Quick Start (Python)

from client import EnvClient

with EnvClient("http://localhost:7860") as env:
    data = env.reset("task_easy")
    state = data["state"]

    while True:
        # Your agent logic here
        action = decide(state)  # returns "allow_all", "throttle_70", etc.

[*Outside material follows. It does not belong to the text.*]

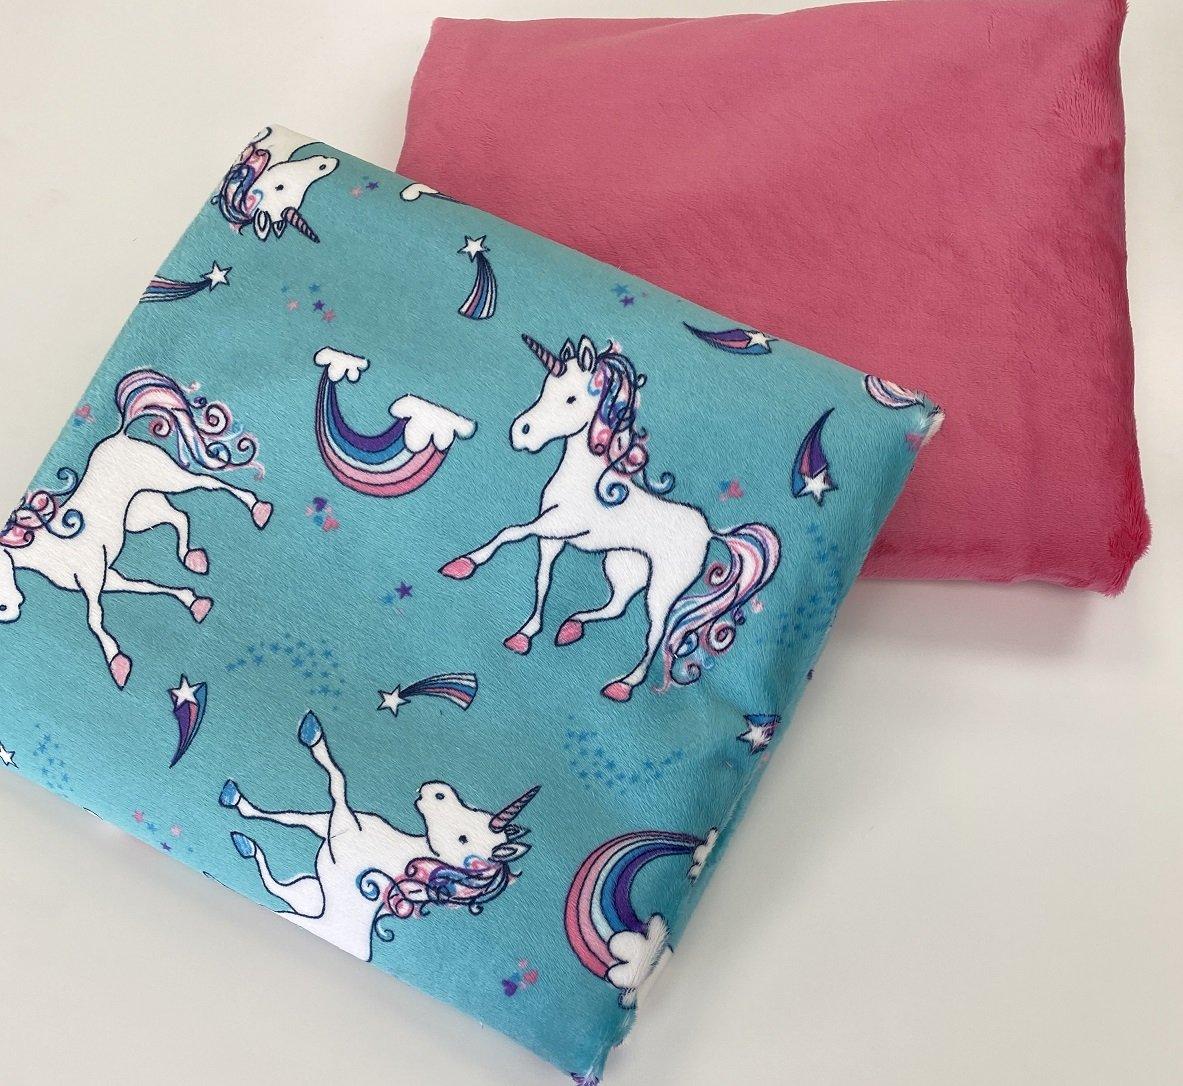 Self Binding Blanket - Unicorns W/Pink

        result = env.step(action)
        state = result["state"]
        reward = result["reward"]

        if result["done"]:
            print(f"Score: {result['info']['final_score']}")
            break

What Makes a Good Agent

React to request_rate — this shows upcoming traffic, not past traffic. If it exceeds capacity, throttle BEFORE the server overloads.
Don't over-throttle — drop_aggressive prevents crashes but kills throughput. Use it only when truly needed.
Watch the queue — if queue_length is building up, the server is falling behind. Throttle more until it drains.
Adapt to config — different servers have different capacities. Read the config from /reset response and adjust thresholds accordingly.

Reward Function

reward = throughput_reward - latency_penalty * 0.5 - queue_penalty * 0.3

throughput_reward = allowed_requests / incoming_requests     (0.0–1.0)
latency_penalty   = (avg_latency - 200) / 800               (0 at 200ms, 1 at 1000ms)
queue_penalty     = queue_length / max_queue                 (0.0–1.0)
crash             = -10.0                                    (instant game over)

The agent is rewarded for letting traffic through, penalized for high latency/queue, and heavily punished for crashing.